• WHAT THE TASK ASKS: Your answer should repeat exactly the lines from the one holding "Logo Premium By" through the end of the data, and it should contain no pictures.

• DATA:
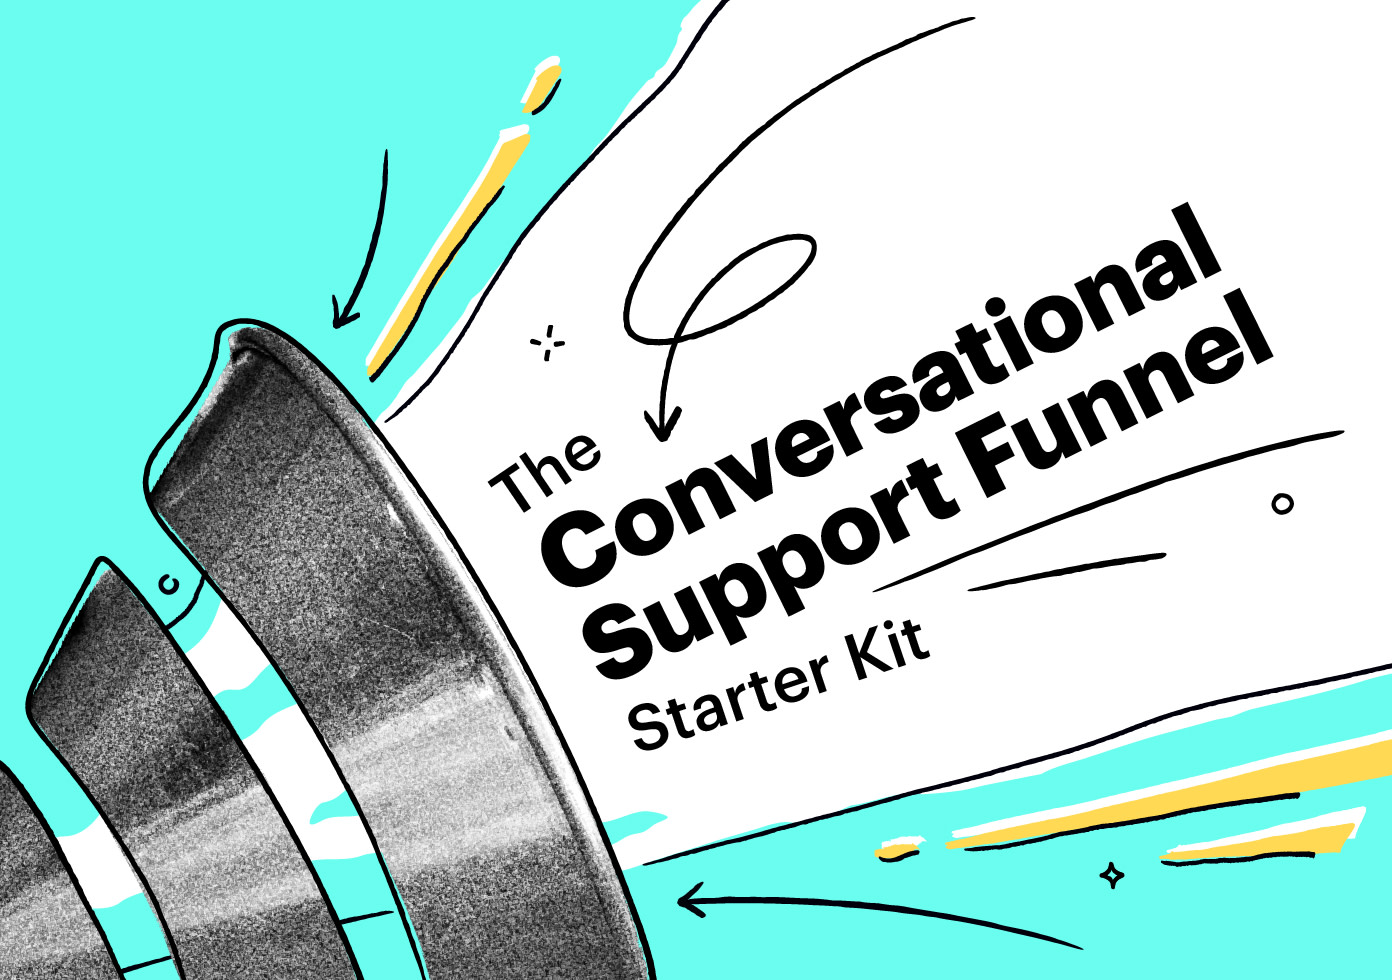 The Conversational Support Starter Kit
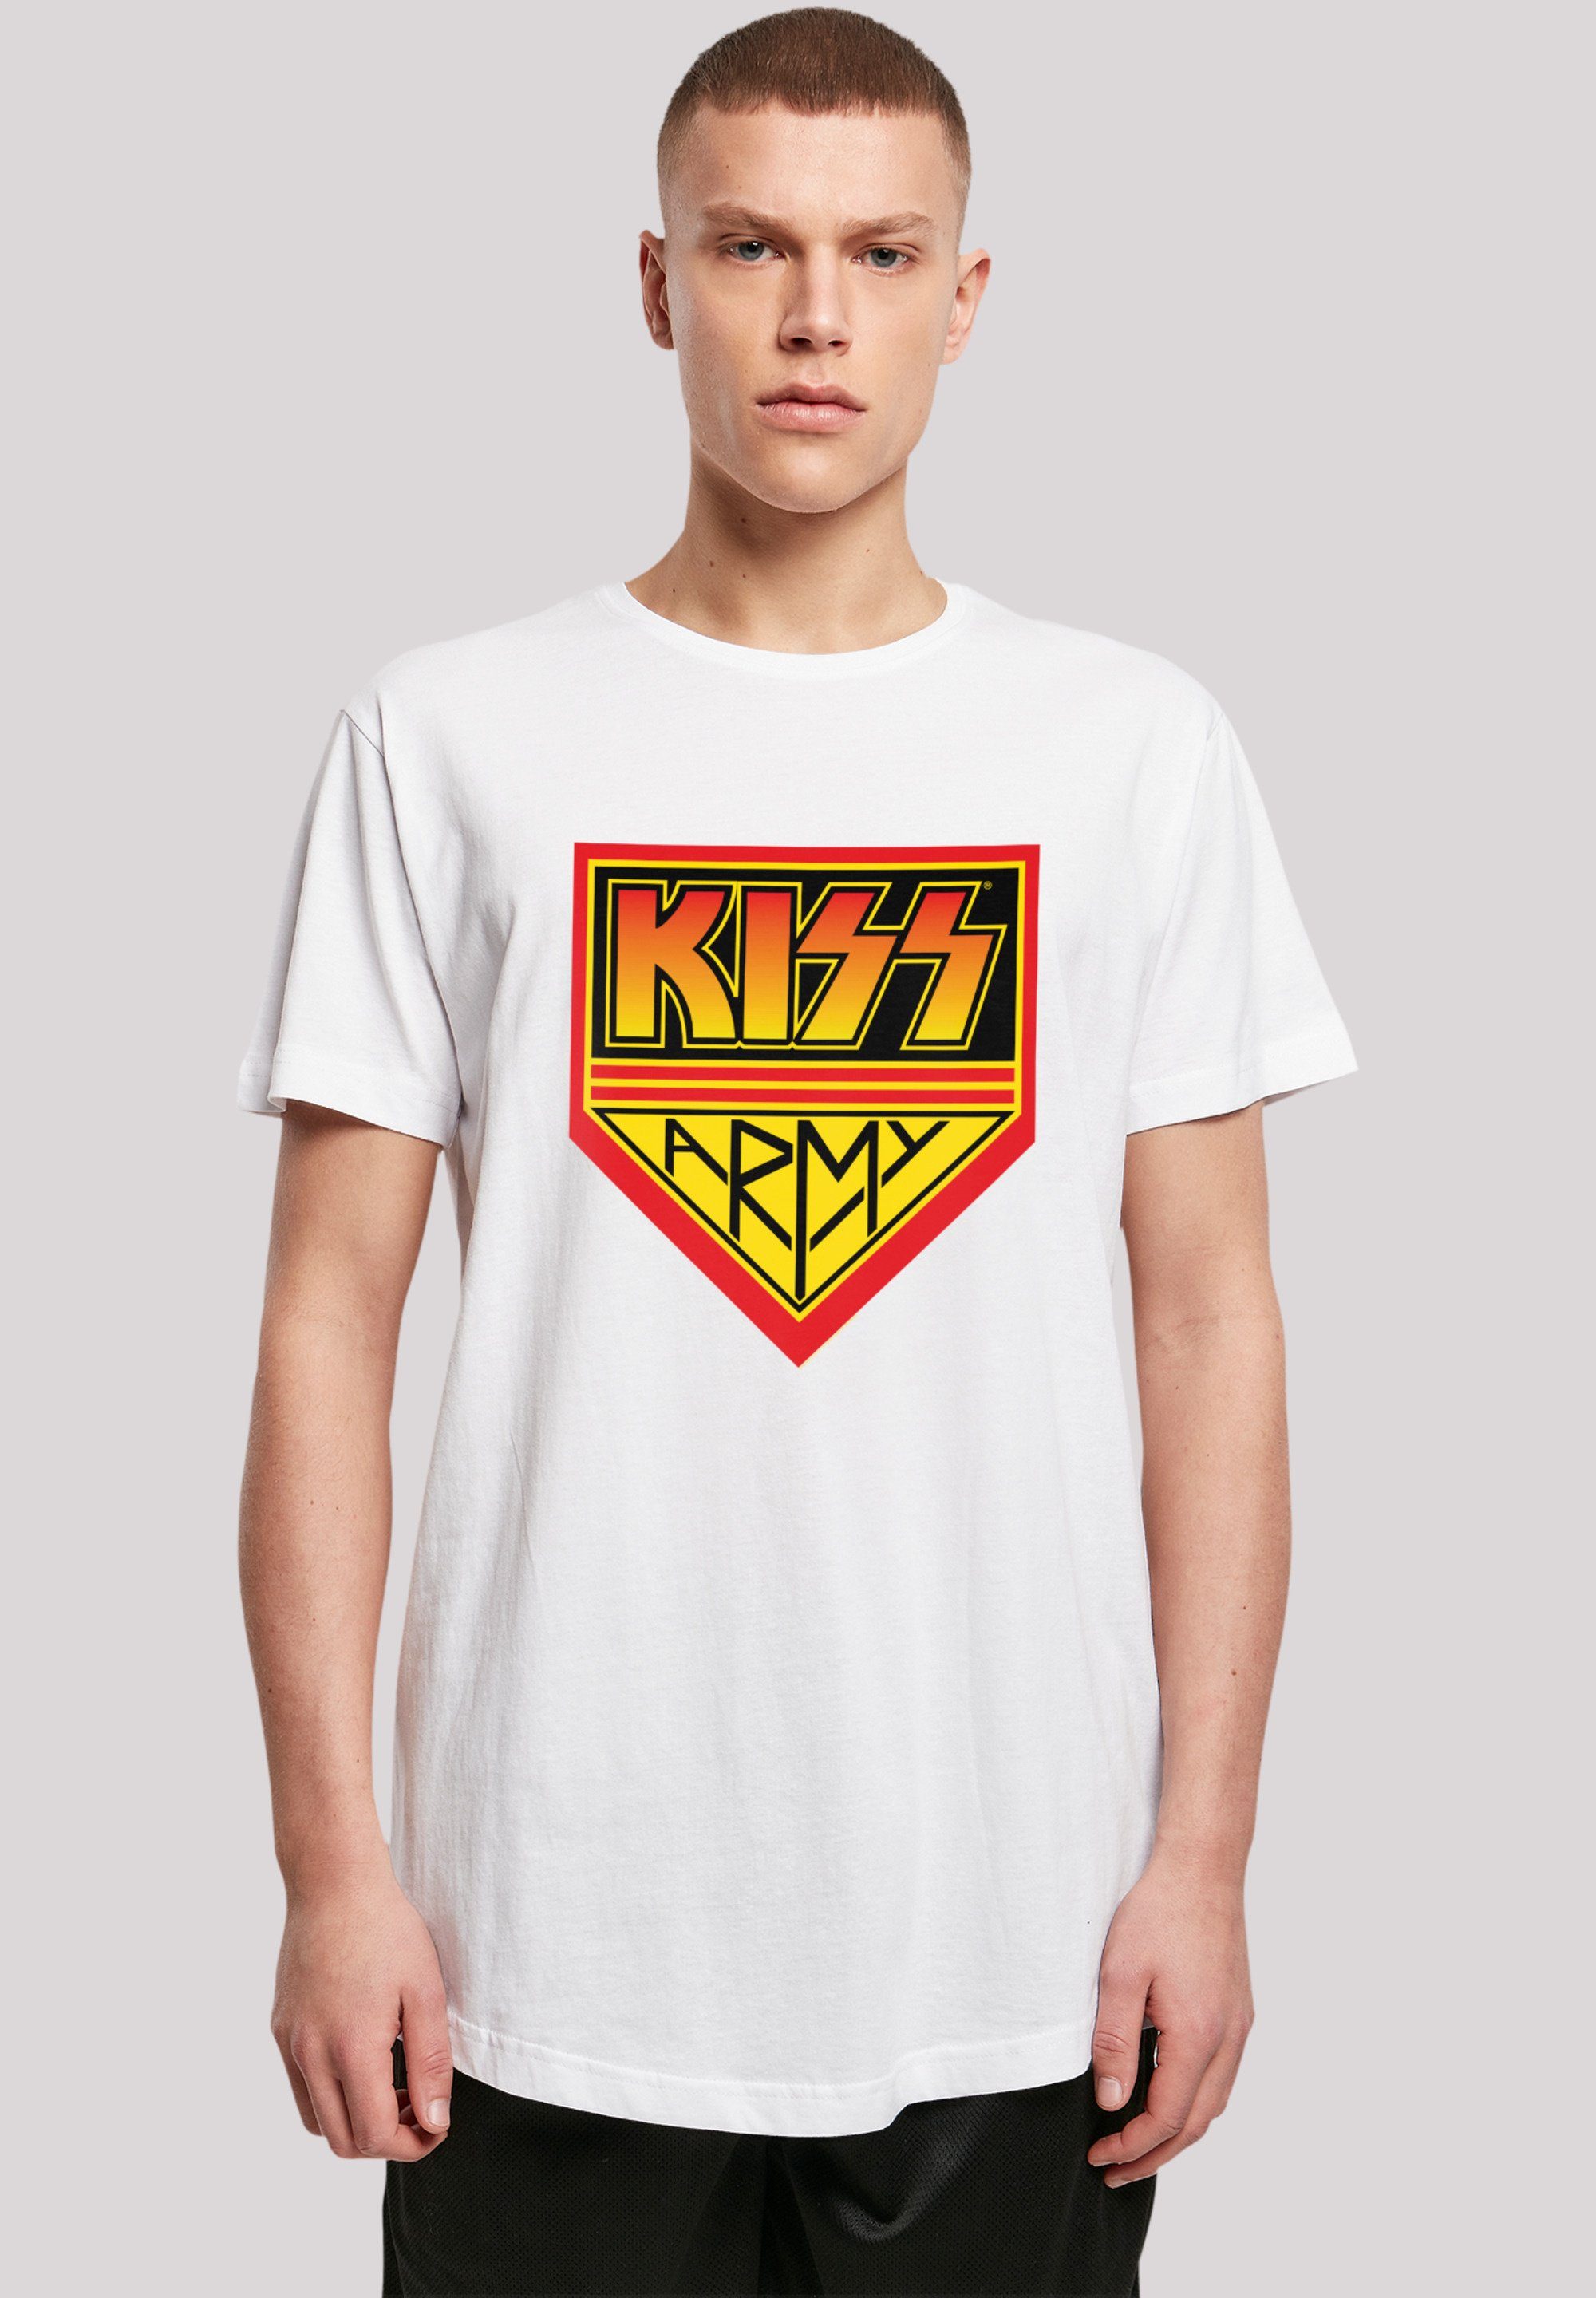 Logo Premium By T-Shirt Kiss Army weiß Qualität, Off Musik, Rock Band Rock F4NT4STIC
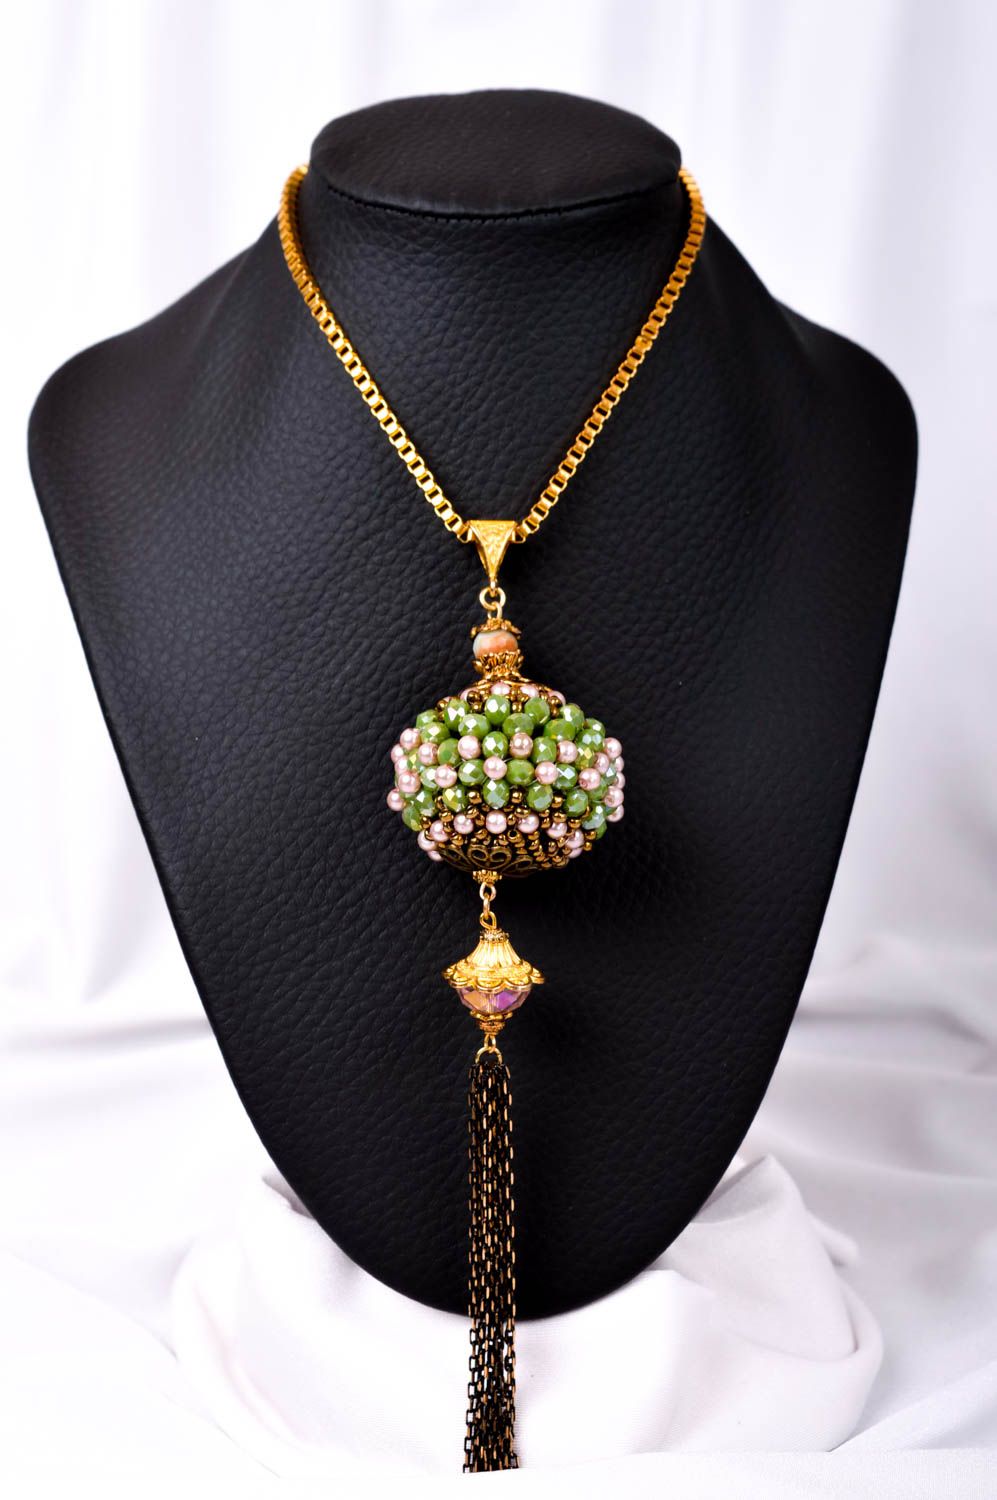 Handmade pendant designer pendant unusual accessory luxury jewelry gift ideas photo 1

• FINISHED EXERCISE:
 Logo Premium By T-Shirt Kiss Army weiß Qualität, Off Musik, Rock Band Rock F4NT4STIC
 Handmade pendant designer pendant unusual accessory luxury jewelry gift ideas photo 1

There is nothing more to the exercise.